= Exercise prompt =
When you reproduce the listing, keep every word as it is and drop the pictures.

= Information shown =
-*-

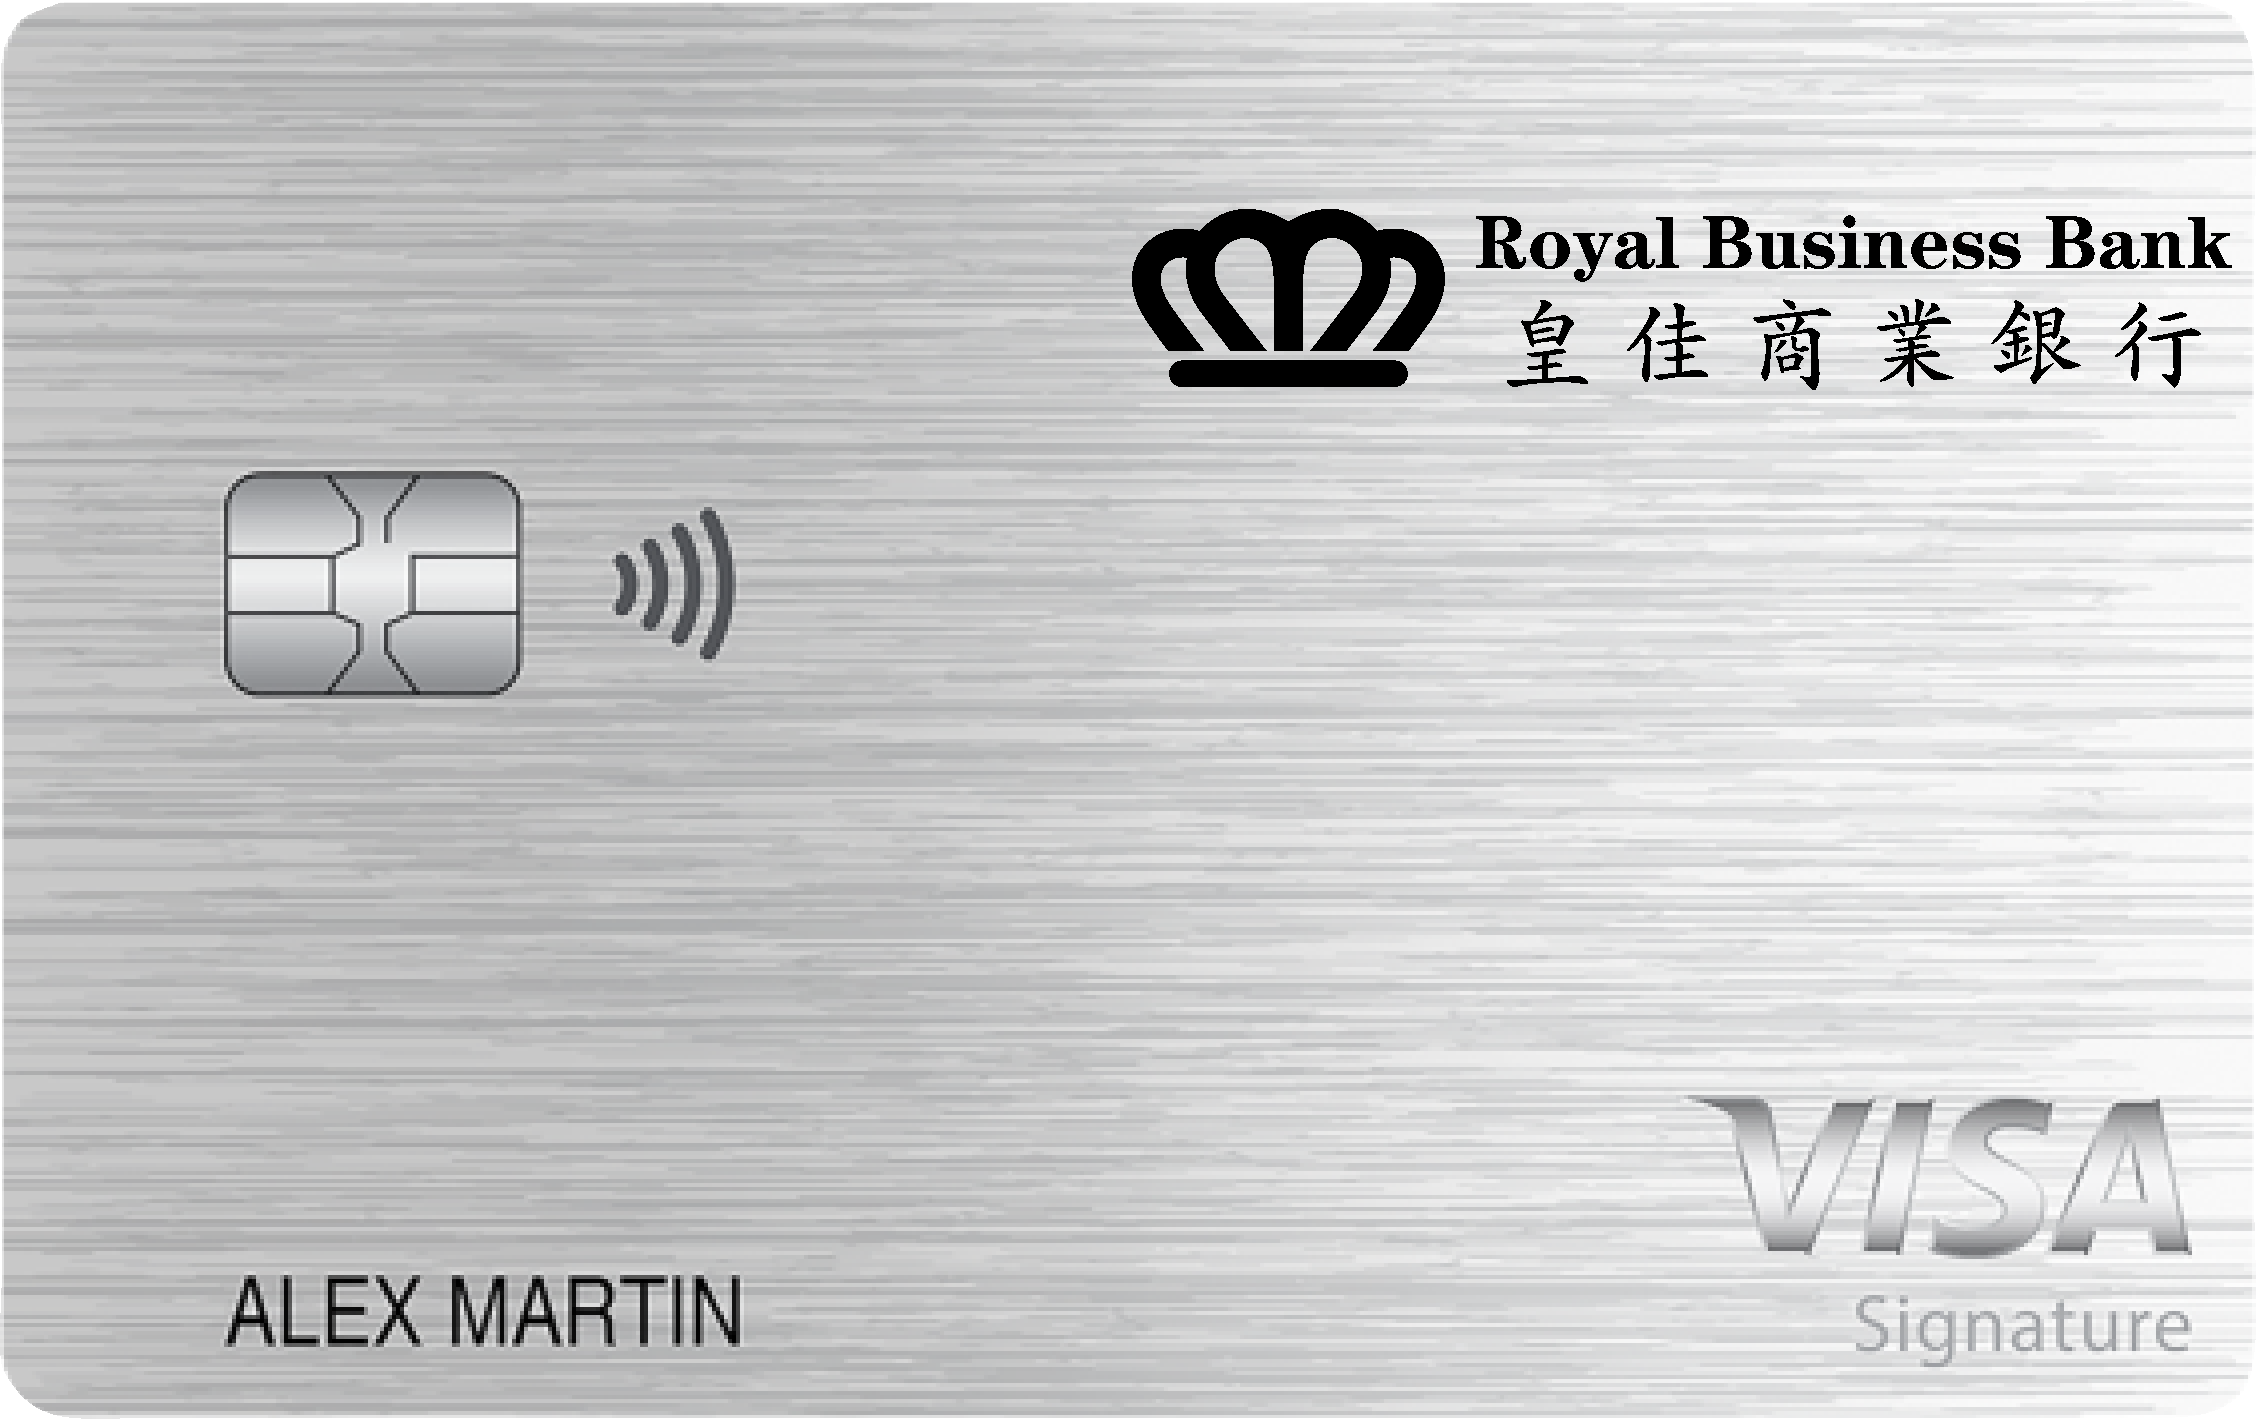 Royal Business Bank Max Cash Preferred Card
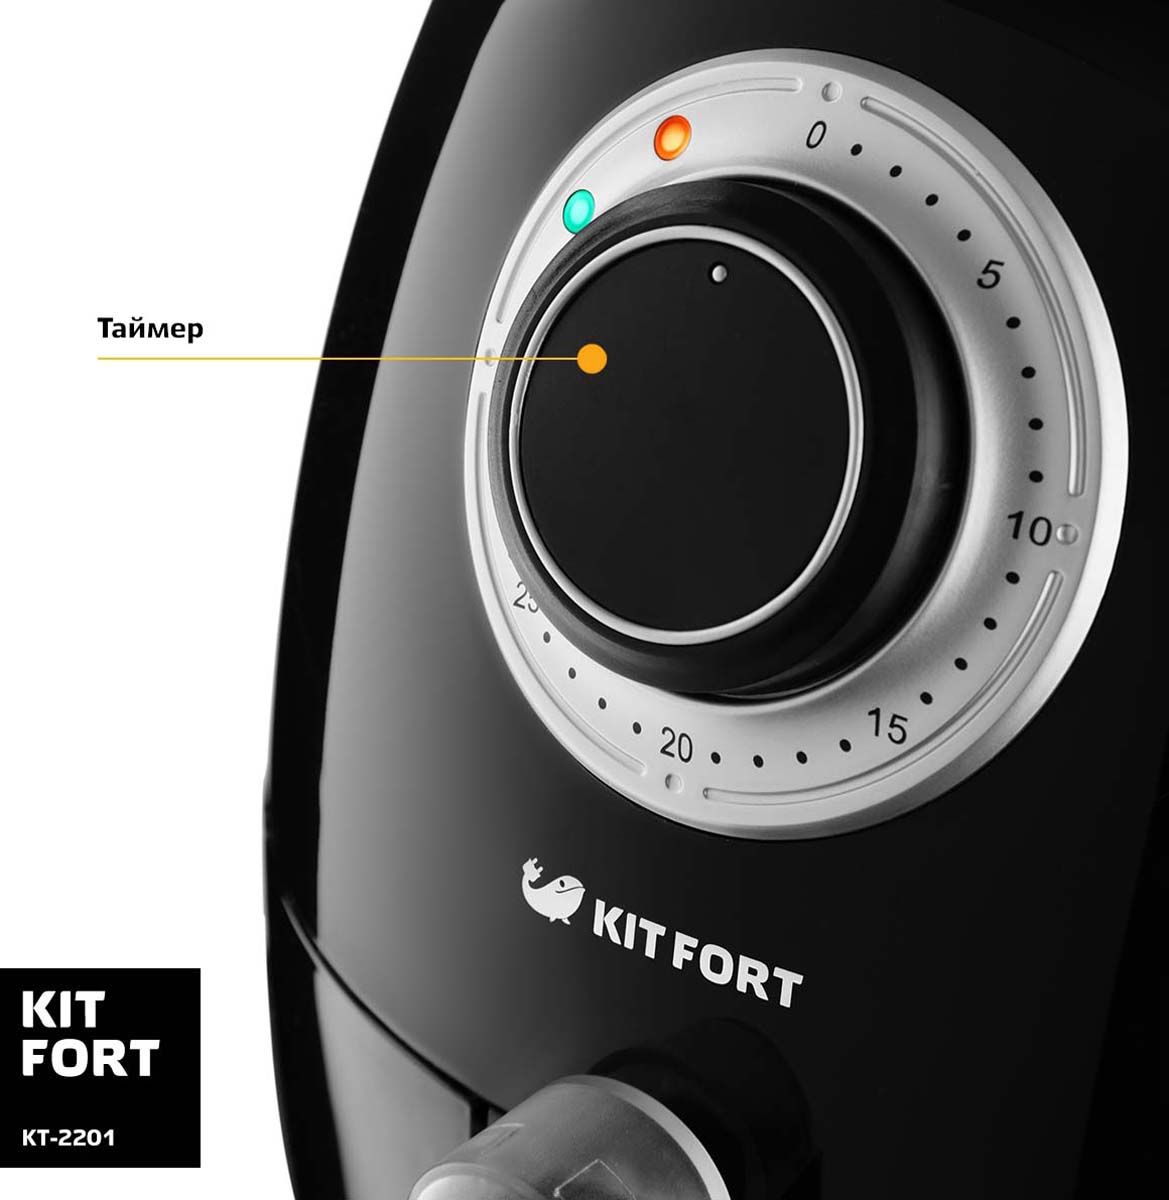  Kitfort -2201
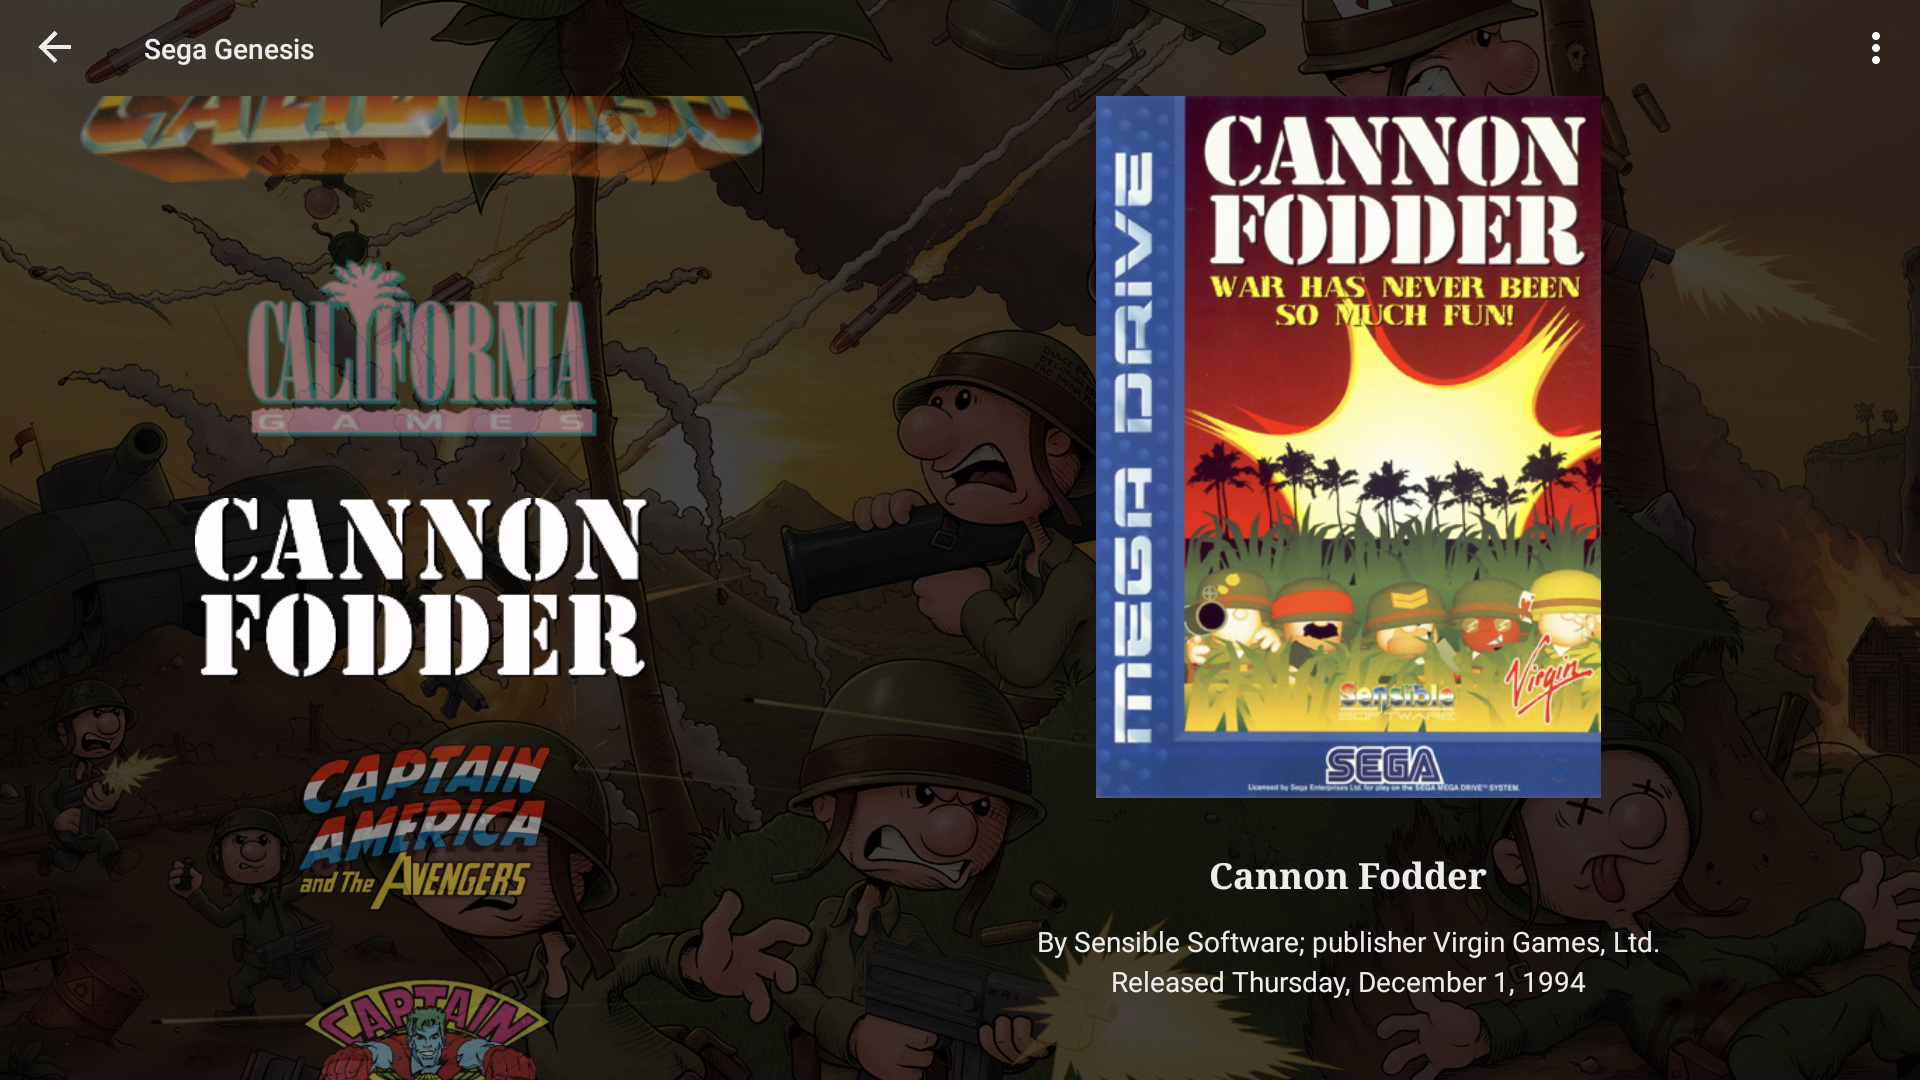 LaunchBox for Android Screenshot - Sega Genesis Wheel - Cannon Fodder

-*-

= Exercise answer =
 Royal Business Bank Max Cash Preferred Card
  Kitfort -2201
 LaunchBox for Android Screenshot - Sega Genesis Wheel - Cannon Fodder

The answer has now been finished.